- **WORK REQUEST**
The records follow. Transcribe only the lines from the line containing "It is high time" through the end, both ends included, and leave out the pictures.

- **SOURCE MATERIAL**
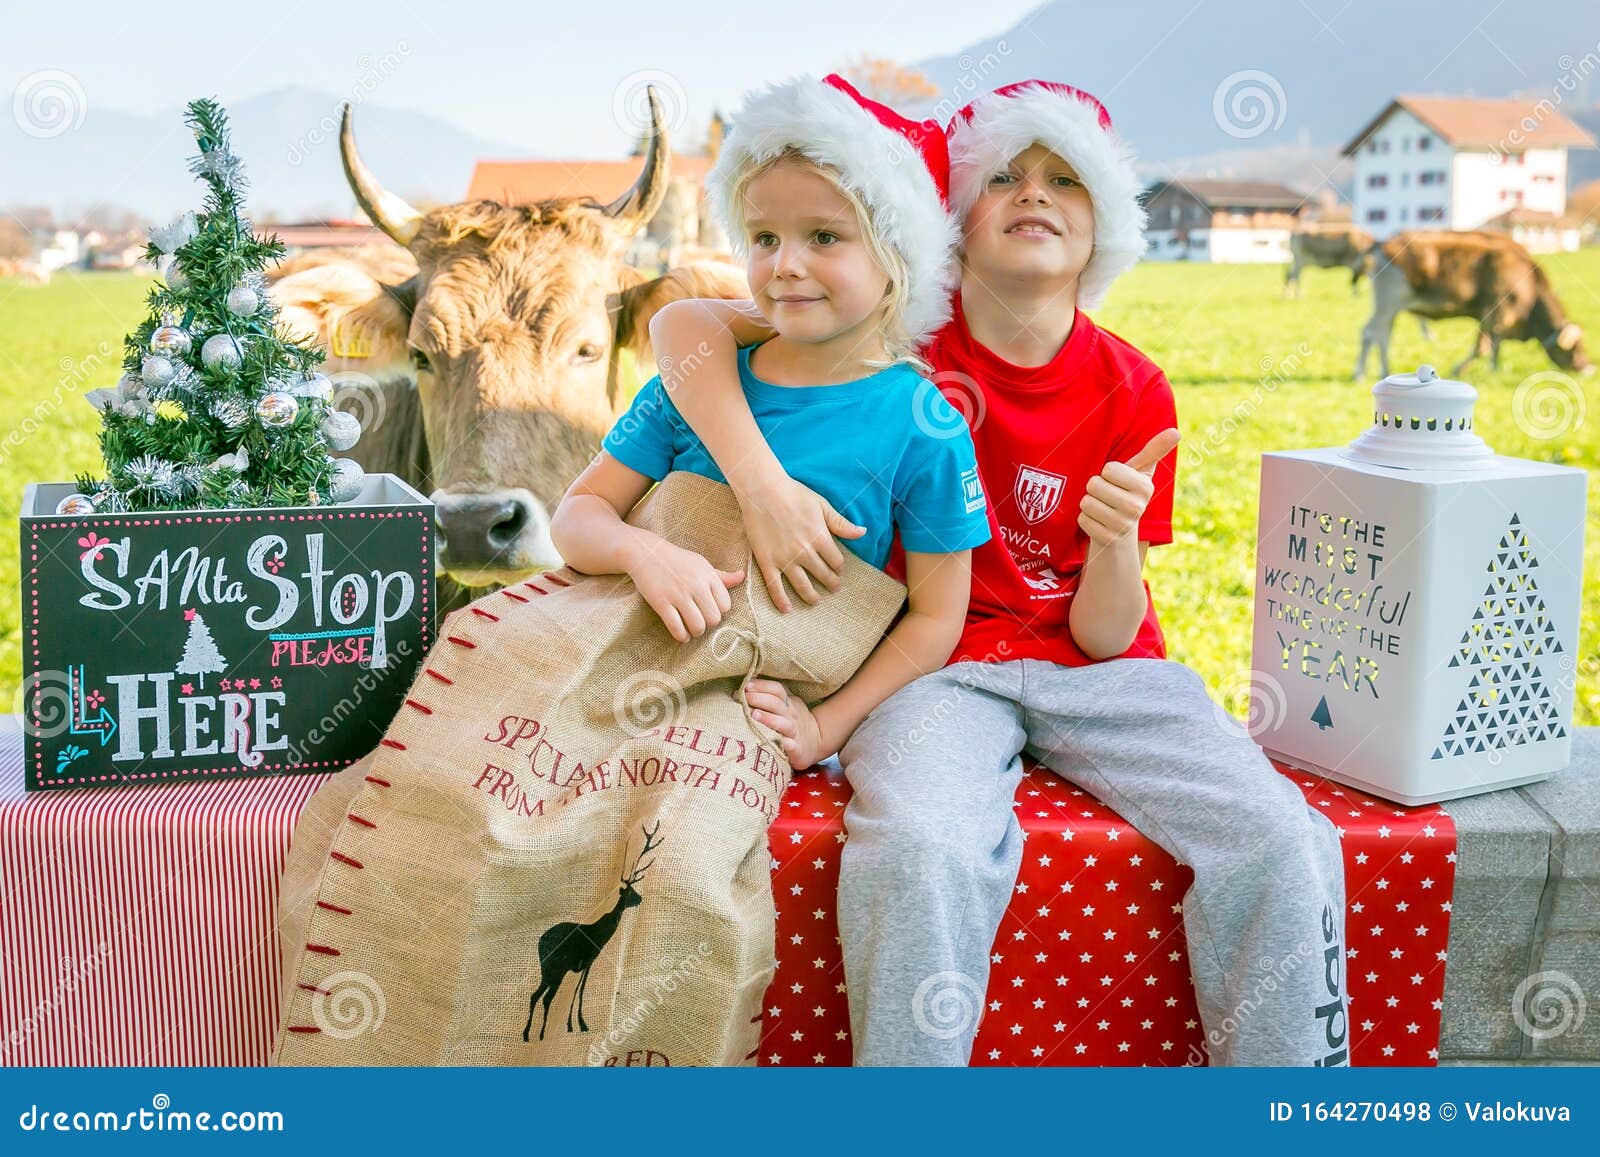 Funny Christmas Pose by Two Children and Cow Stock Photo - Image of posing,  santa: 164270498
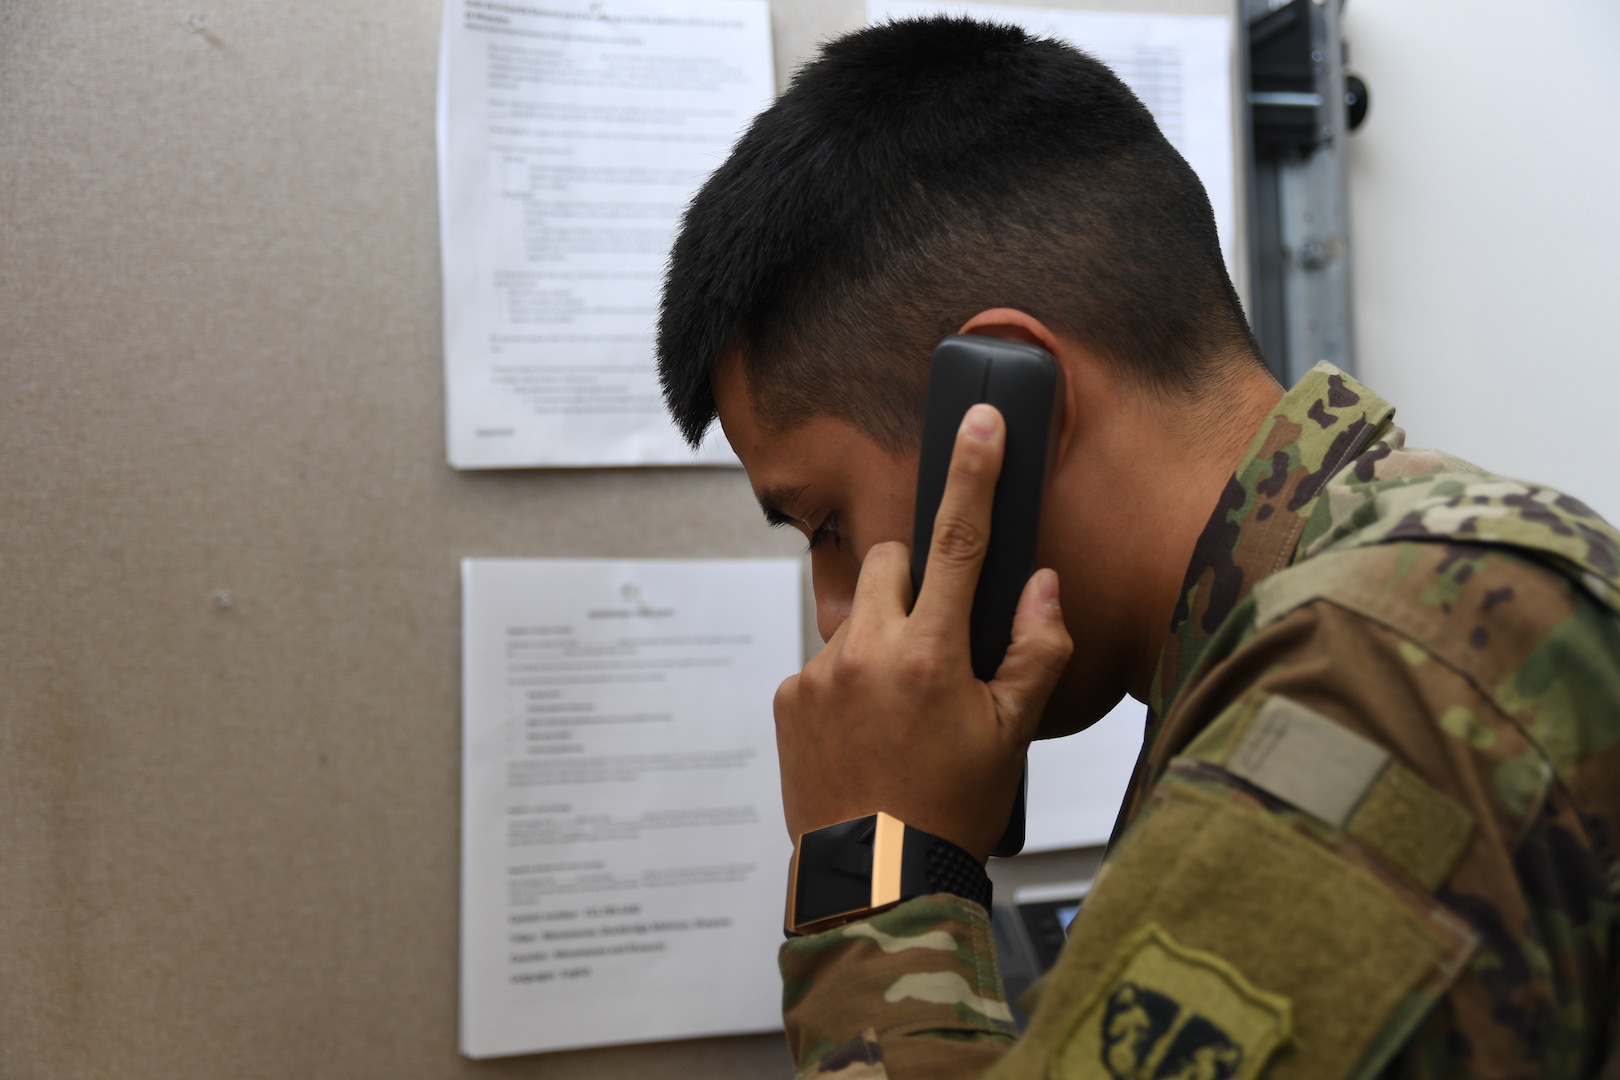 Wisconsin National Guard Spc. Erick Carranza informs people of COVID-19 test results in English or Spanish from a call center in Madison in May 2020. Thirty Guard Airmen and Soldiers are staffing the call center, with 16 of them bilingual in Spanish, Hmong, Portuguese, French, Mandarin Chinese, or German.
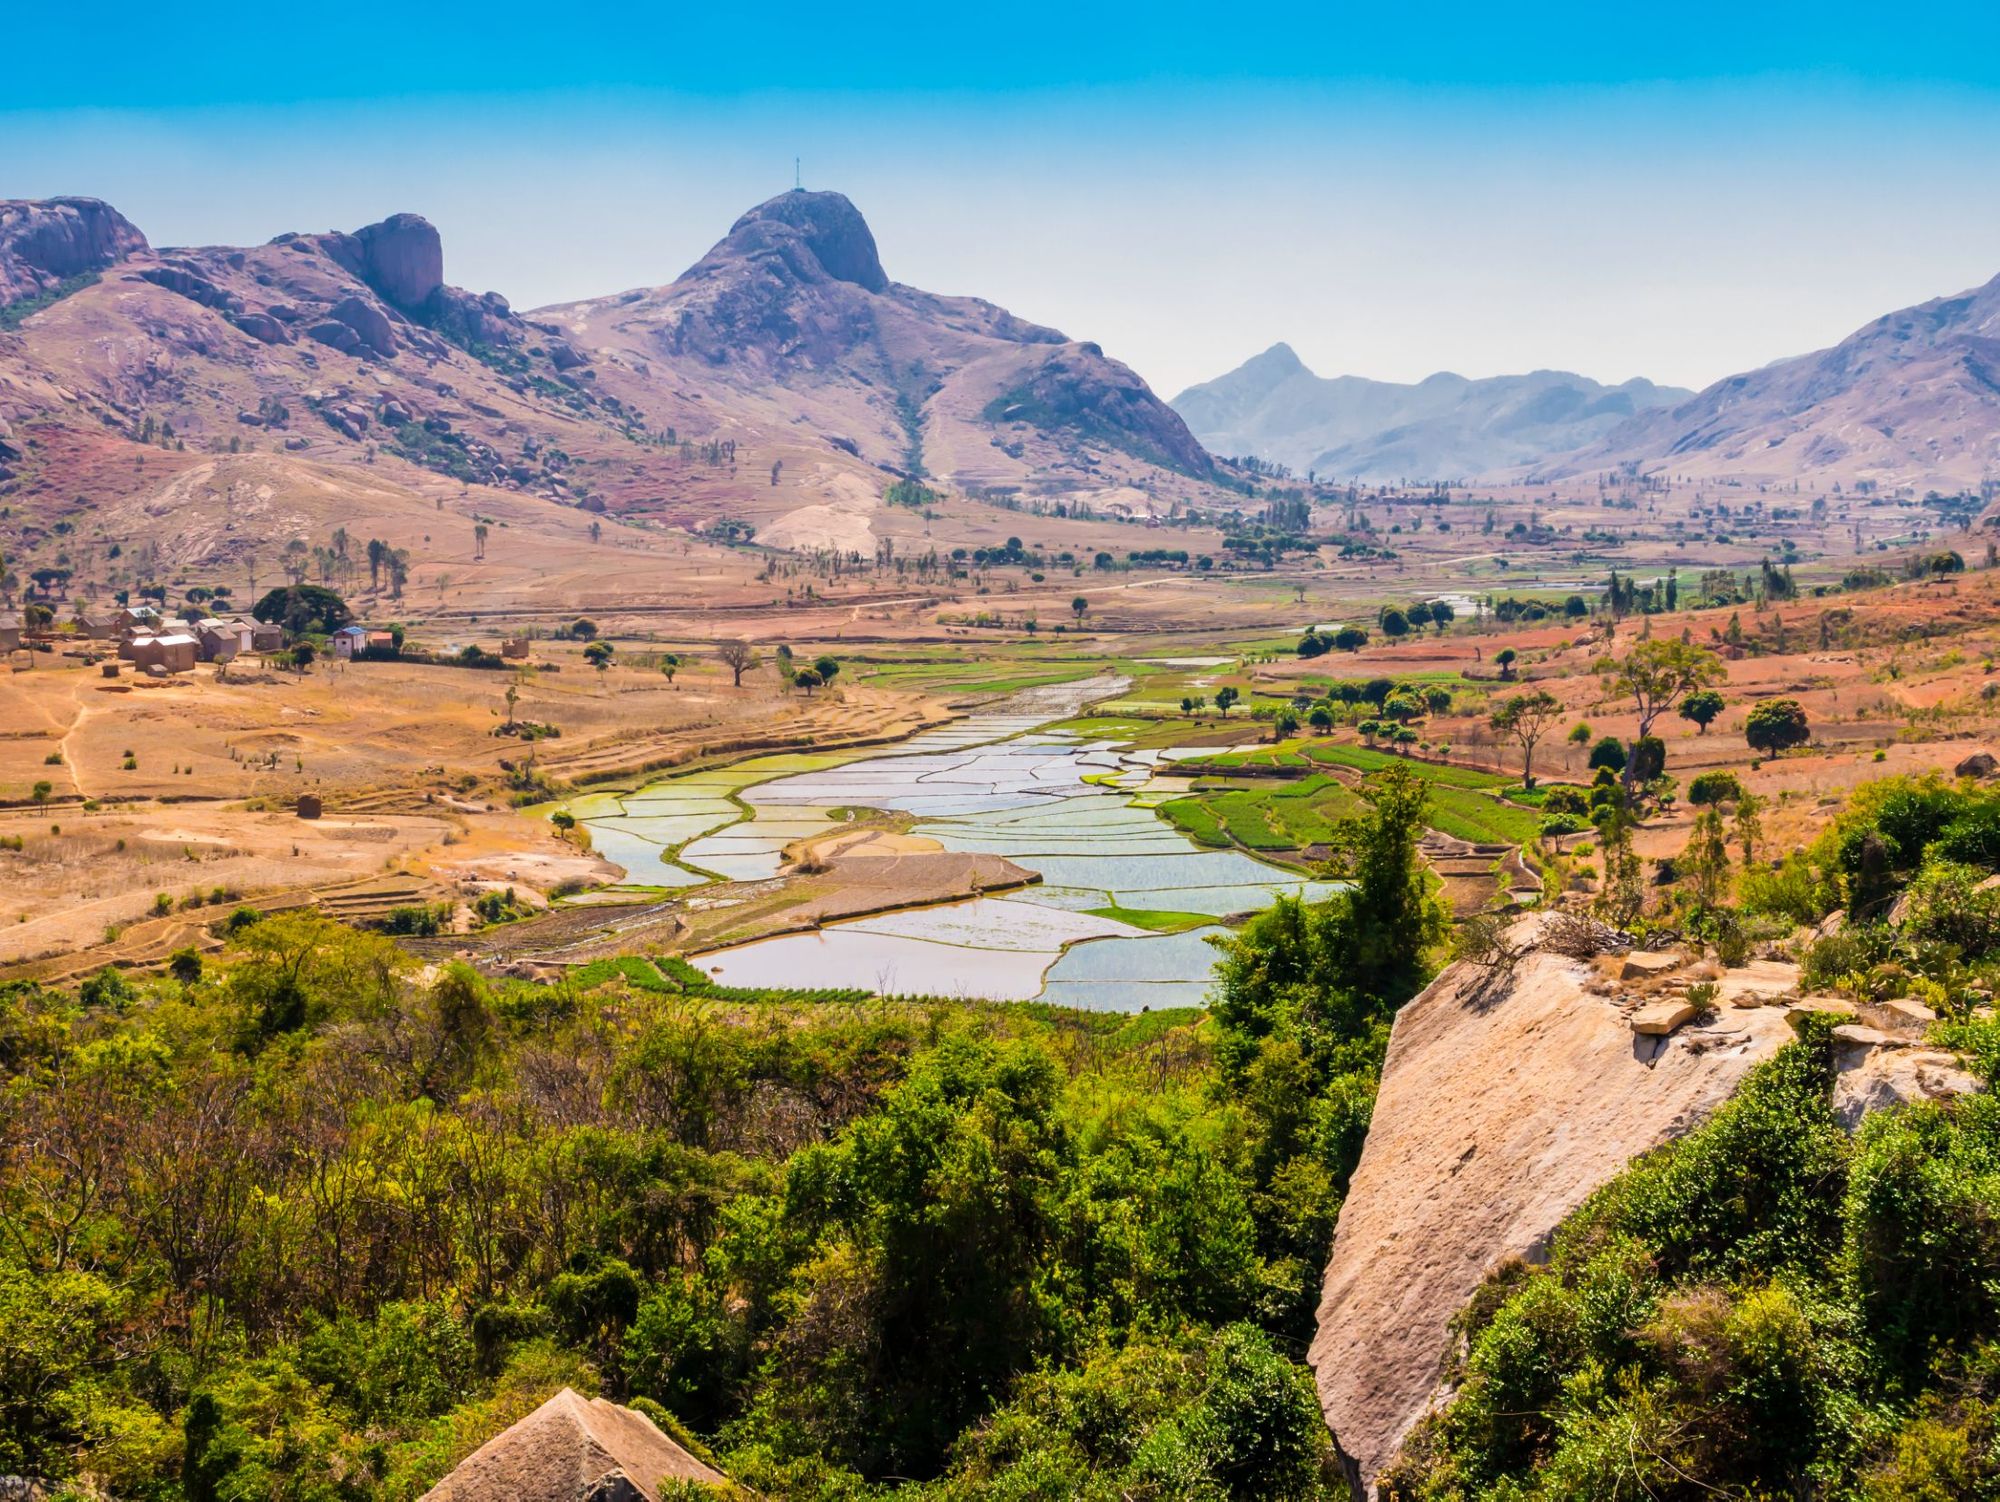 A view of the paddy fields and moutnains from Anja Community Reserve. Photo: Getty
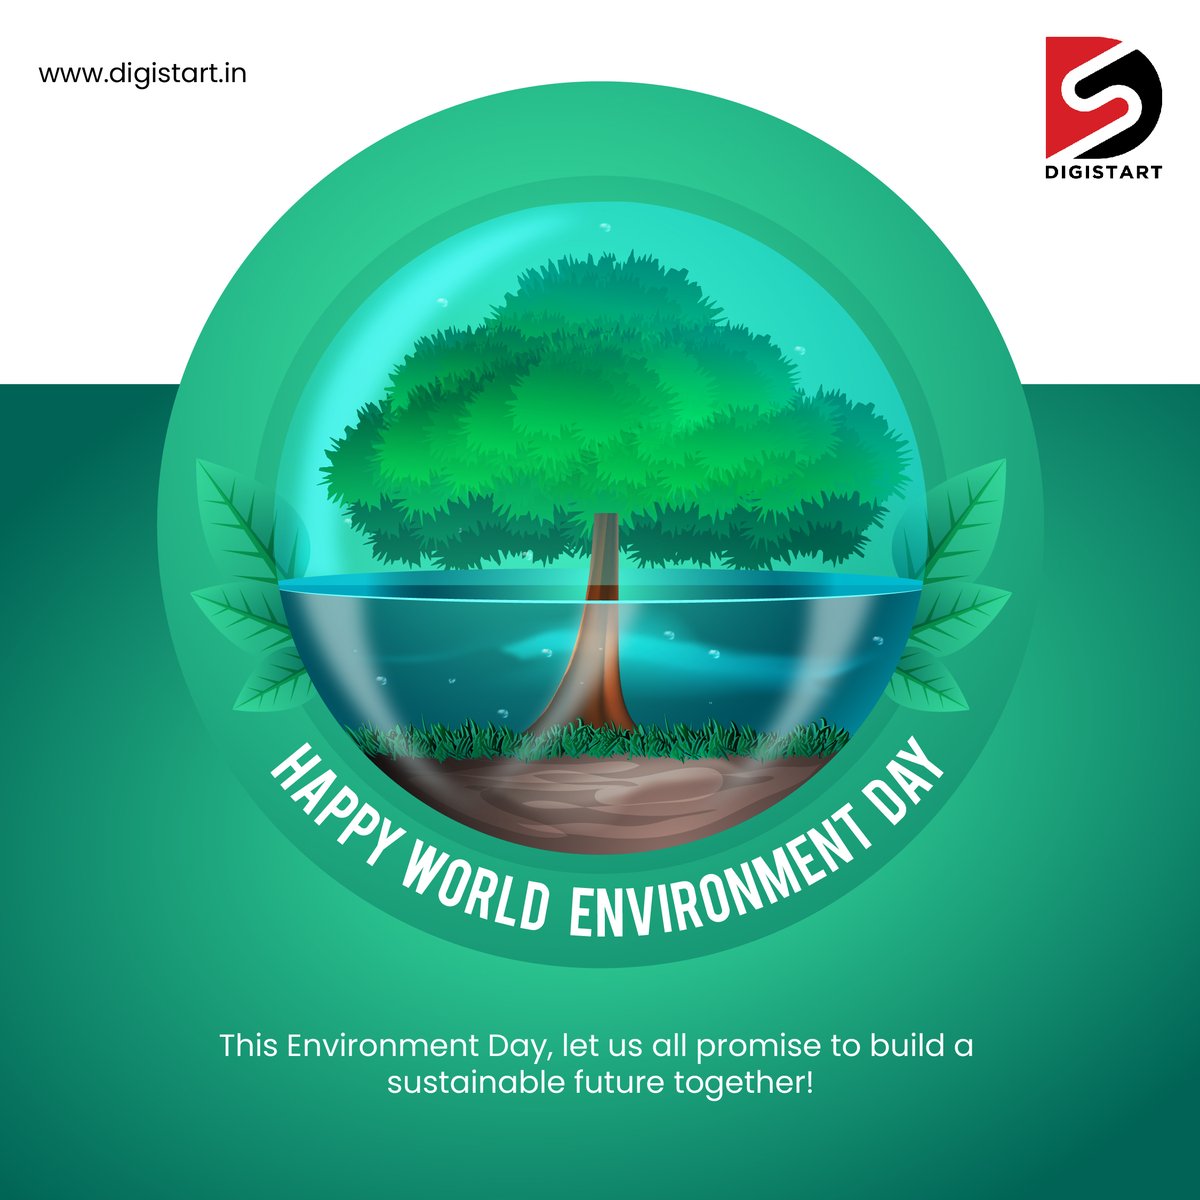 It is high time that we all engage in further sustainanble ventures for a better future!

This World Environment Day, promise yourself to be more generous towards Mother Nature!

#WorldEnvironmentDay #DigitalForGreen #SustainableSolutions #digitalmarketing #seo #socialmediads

- **RESPONSE**
 It is high time that we all engage in further sustainanble ventures for a better future!

This World Environment Day, promise yourself to be more generous towards Mother Nature!

#WorldEnvironmentDay #DigitalForGreen #SustainableSolutions #digitalmarketing #seo #socialmediads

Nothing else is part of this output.